Creation of Factories
The rapid industrialization of the country from 1865 to 1920 can mainly be attributed to the introduction of the predecessor of the modern-day factory into the U.S market. Before its creation; products used to be made-to-order which limited the amount of time that particular goods could be made and shipped (Horrell & Oxley, 2012). Through the use of factories and a rough version of what we now know as an assembly line, products could now be created in bulk. This lowered their inherent cost which subsequently increased their demand resulting in even more factories being built to match the needs of the market.
Connection to America’s Expansion
Aside from the industrial revolution, another pivotal point that occurred from 1865 to 1920 was America’s Westward Expansion, which was encouraged by the Louisiana Purchase.
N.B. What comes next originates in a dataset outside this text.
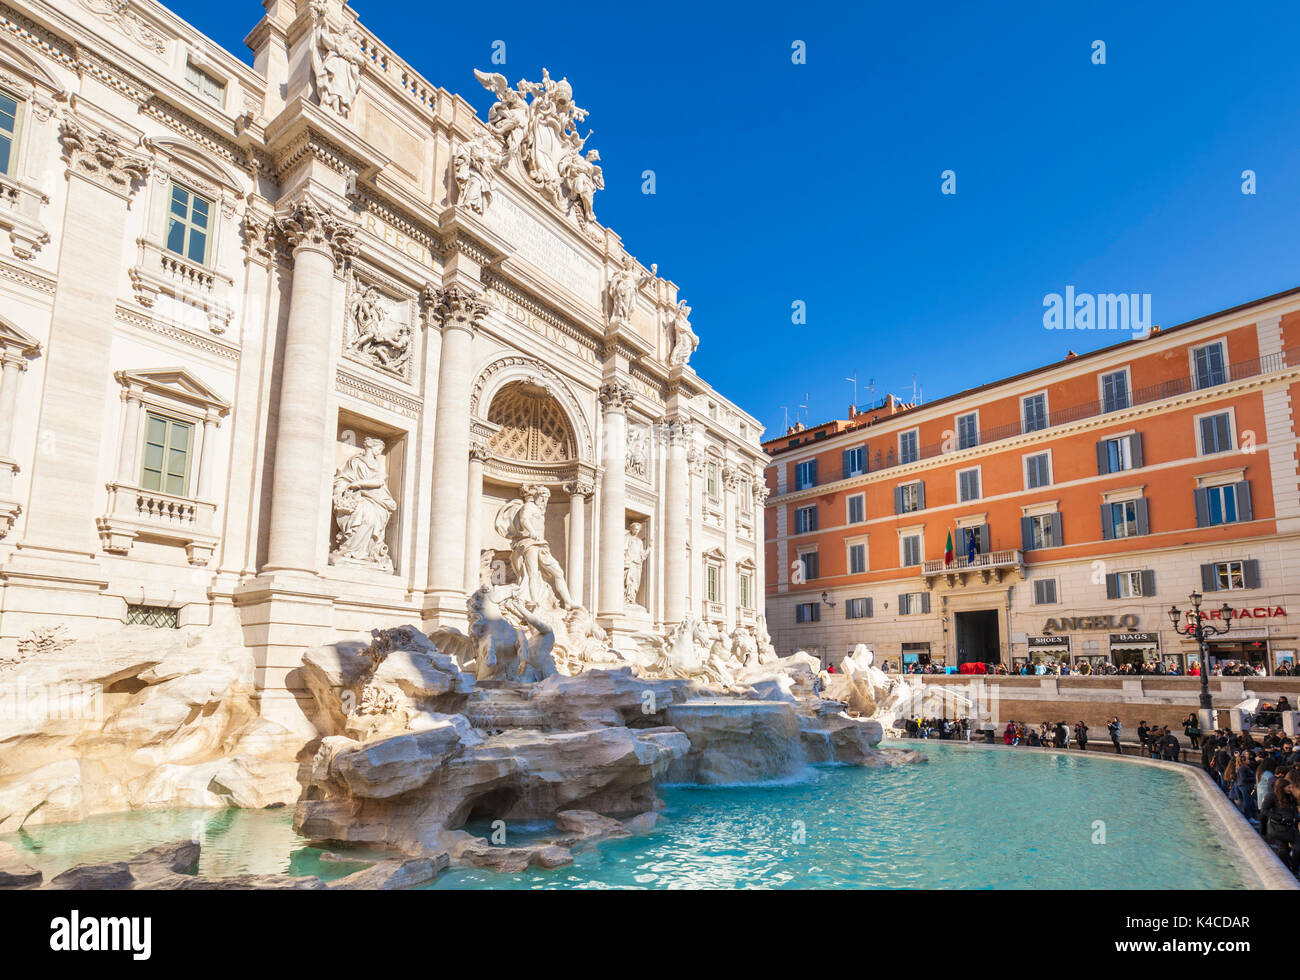 ROME ITALIE Rome Italie nouveau nettoyage de la fontaine de Trevi soutenu par le Palazzo Poli Italie Lazio Rome de jour eu Europe Banque D'Images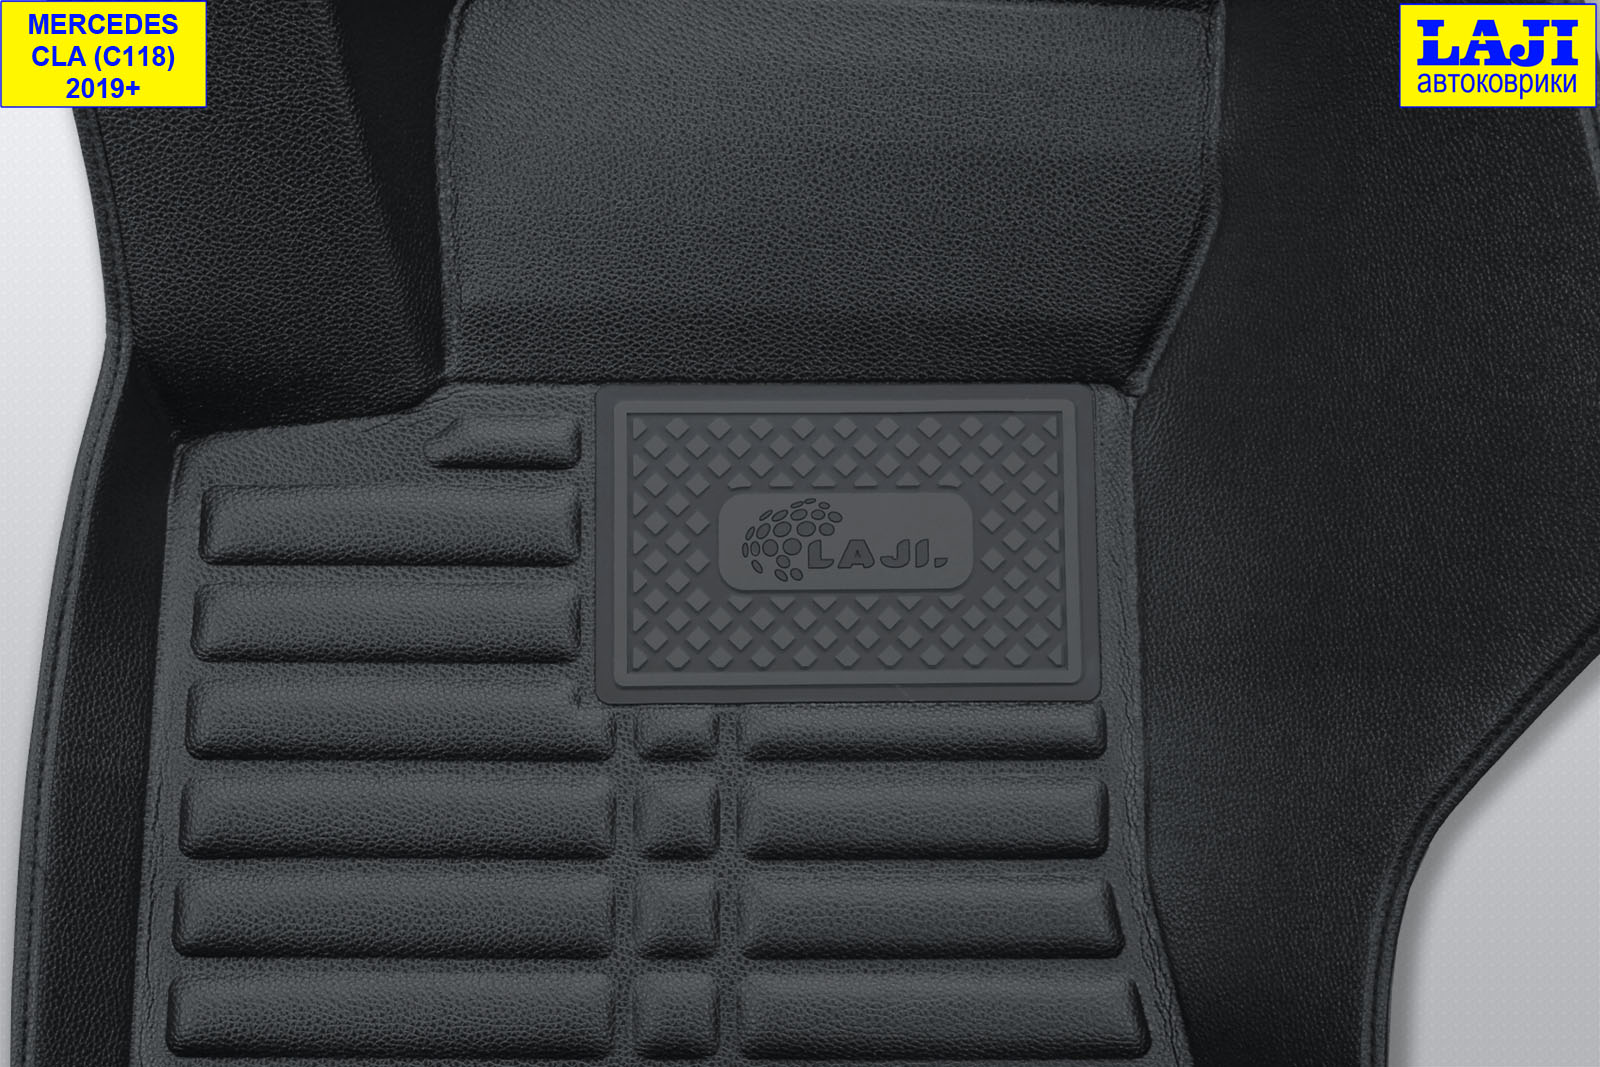 5D коврики в салон Mercedes CLA C118 2019-н.в. 7

These two crucial points are connected since the expansion in territory also came to the inevitable increase in the country’s economy (Hirschman & Mogford, 2009). Fueled by its western expansion and the arrival of millions of immigrants over several decades, America’s industrial capacity grew to match the ever-increasing demand for processed goods.
The Growth of the Railroad Industry
The railroad industry contributed immensely to the growth of the industrial revolution since it enabled goods to be transported in large quantities in an expedient fashion (Staudenmaier, 1990). This allowed various products to reach previously inaccessible locations resulting in the rise of overall market demand.
Groups Negatively Affected by the Industrial Revolution
During the industrial revolution, women, children, and immigrant workers bore the brunt of the negative practices that arose during this period. Children were required to help support their families by also working. Unfortunately, they were often used in dangerous jobs such as working in the machinery of a factory or coal mines. This resulted in numerous deaths due to the danger of the equipment and the potential collapse of tunnels (Gordon, 1989).
Women were often paid lower wages than their male counterparts and were placed in abysmal working conditions that endangered their health. Lastly, immigrant workers were abused by factory owners due to their limited amount of opportunities. They were paid substandard wages compared to American workers and were subjected to living in horrendous living conditions that compromised their health.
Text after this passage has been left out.